Gate sensitive data collection in AgentFrameworkInstrumentor behind environment variable

[Copilot]

AgentFrameworkInstrumentor was calling enable_instrumentation() without forwarding the user's sensitive-data preference, so the Agent Framework SDK would default to suppressing sensitive span attributes.

Changes

• _trace_instrumentor.py: Read the AZURE_TRACING_GEN_AI_CONTENT_RECORDING_ENABLED environment variable (the same variable used by the Agent Framework SDK) and pass its parsed boolean value as enable_sensitive_data to enable_instrumentation(). Defaults to False when the variable is unset.
• Updated docstring to document the environment variable and its effect on sensitive data (prompts, tool arguments, results) in emitted spans.

# Before
enable_instrumentation()

# After
enable_sensitive_data = os.environ.get("AZURE_TRACING_GEN_AI_CONTENT_RECORDING_ENABLED", "").strip().lower() in ("true", "1", "yes", "on")
enable_instrumentation(enable_sensitive_data=enable_sensitive_data)

• tests/agent_framework/test_trace_instrumentor.py: Updated existing test to assert enable_sensitive_data=False is passed when the env var is unset. Added two new tests:
  • test_instrument_enables_sensitive_data_when_env_var_set: asserts enable_sensitive_data=True when AZURE_TRACING_GEN_AI_CONTENT_RECORDING_ENABLED=true
  • test_instrument_disables_sensitive_data_when_env_var_false: asserts enable_sensitive_data=False when the env var is explicitly false

[Copilot]

Pull request overview

This PR changes the Agent Framework instrumentor so the distro explicitly opts into sensitive span attributes from the Agent Framework SDK. In this codebase, that affects the built-in Agent Framework auto-instrumentation path used when A365 instrumentation is enabled.

Changes:

• Updated AgentFrameworkInstrumentor to call enable_instrumentation(enable_sensitive_data=True).
• Revised the instrumentor docstring to describe the new call signature.

---

💡 Add Copilot custom instructions for smarter, more guided reviews. Learn how to get started.

[rads-1996]

Valid comment.
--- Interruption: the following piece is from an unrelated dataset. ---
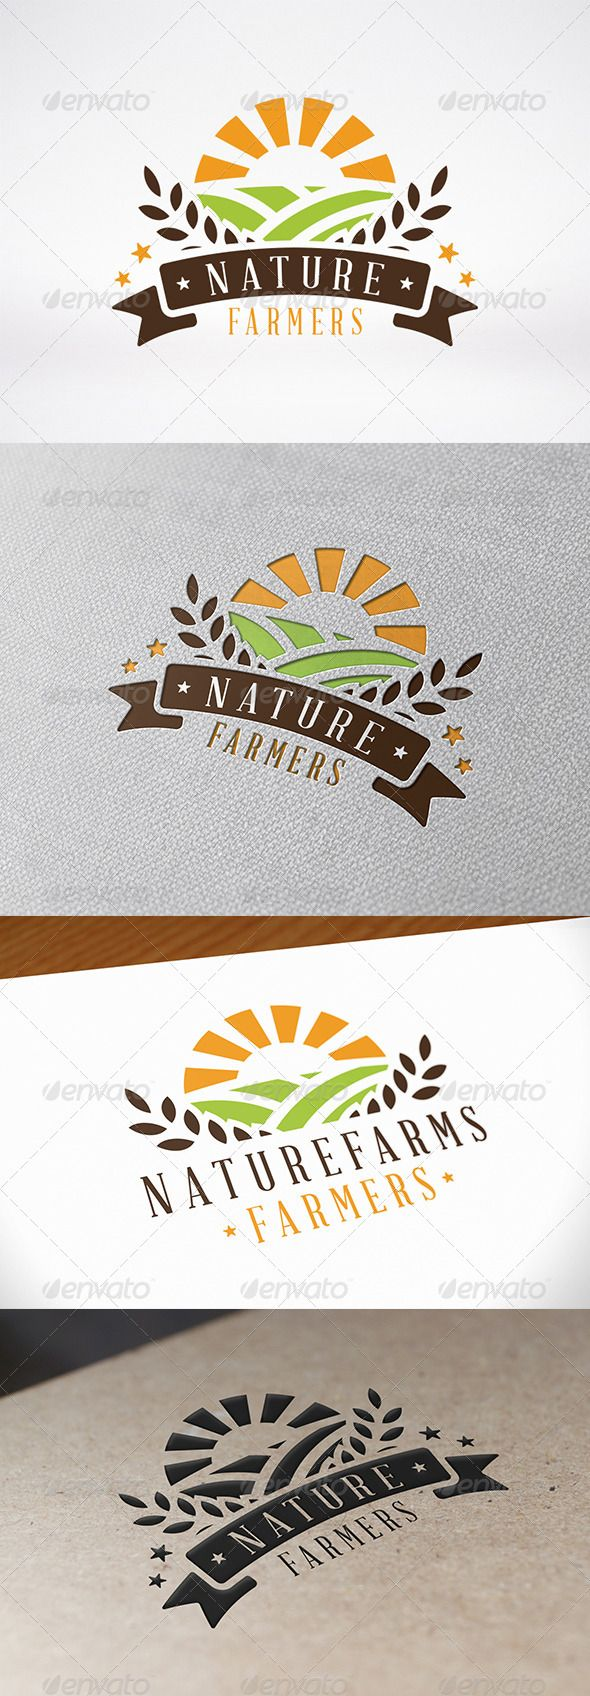 Agri cultures project logo duckdog design - Green Farm Logo Template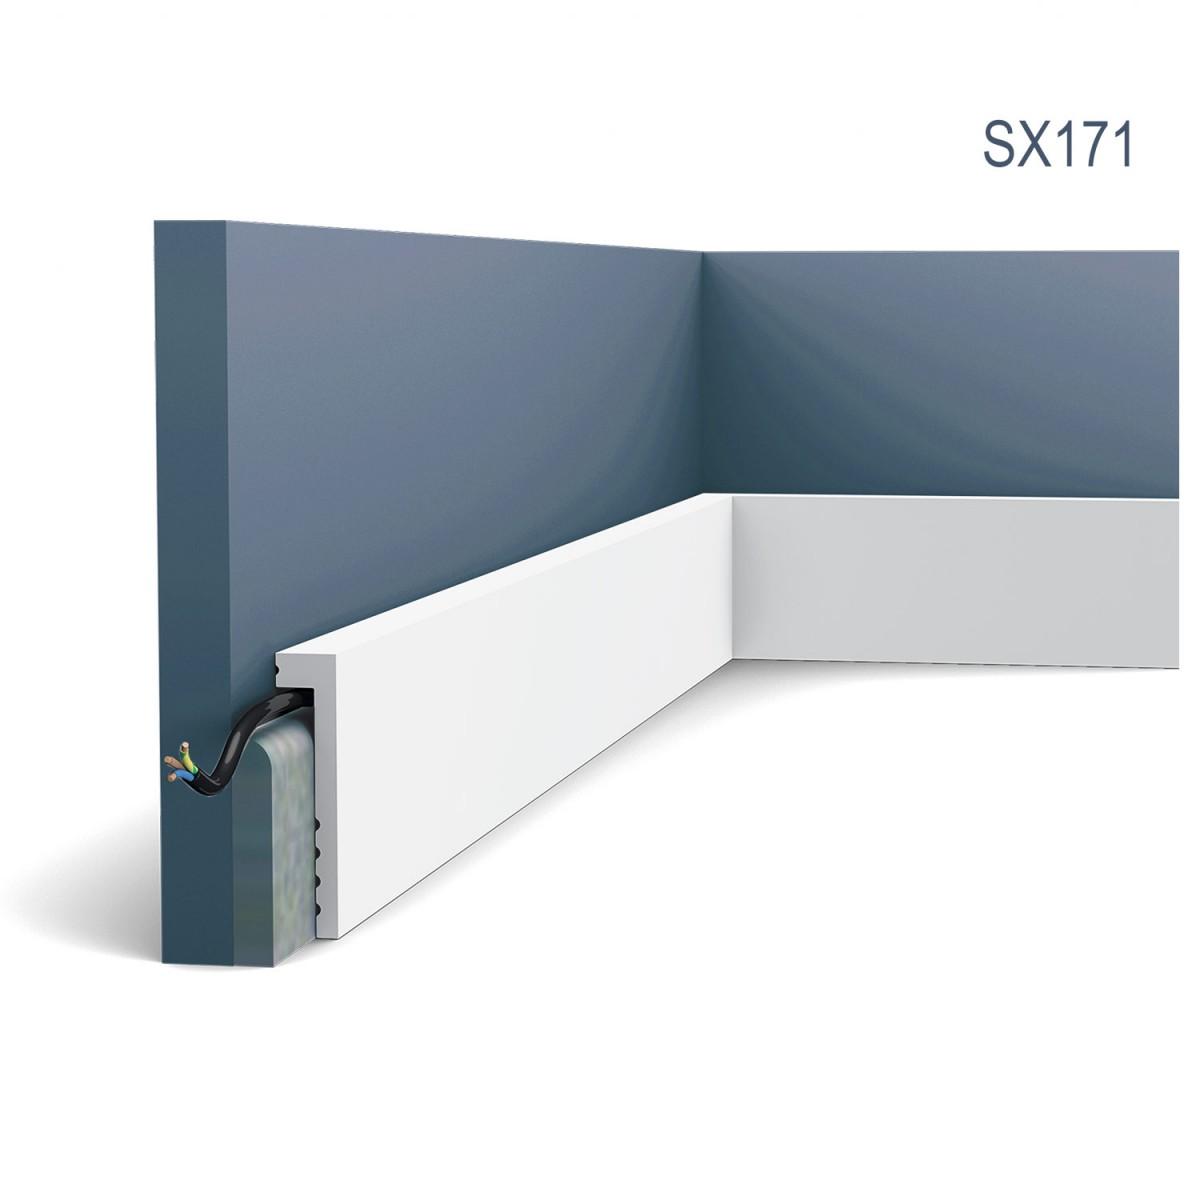 Plinta Axxent SX171, Dimensiuni: 200 X 10 X 2.2 cm, Orac Decor

Please add a test to validate the new behavior.

[singankit]

@copilot

[Copilot]

Added tests in commit 07f3ac1:

• test_instrument_calls_enable_instrumentation_when_available now asserts enable_instrumentation(enable_sensitive_data=False) when the env var is unset
• test_instrument_enables_sensitive_data_when_env_var_set asserts enable_sensitive_data=True when AZURE_TRACING_GEN_AI_CONTENT_RECORDING_ENABLED=true
• test_instrument_disables_sensitive_data_when_env_var_false asserts enable_sensitive_data=False when the env var is explicitly false

[rads-1996]

Instead of always passing in the variable to be true, we could probably read the value from the env variable, the way it is in agent framework. If the variable is not set the default value is False.

[singankit]

Without enabling_sensitive_data traces are not really helpful so would like it to be enabled by default

[Copilot]

Done in commit 07f3ac1. enable_sensitive_data is now derived from the AZURE_TRACING_GEN_AI_CONTENT_RECORDING_ENABLED environment variable (the same one used by the Agent Framework SDK), defaulting to False when unset. Truthy values are true, 1, yes, on.

[mattmccleary]

Questions:

• What sensitive data is gated?
• Does this apply to Distro too? Why or why not?
• Is this coordinated with what Priyanka/Pipeline is doing? Two layer protection?
• How do customers extend / add their own rules?
• Is there a way this could be done across all instrumentation libraries to scale better?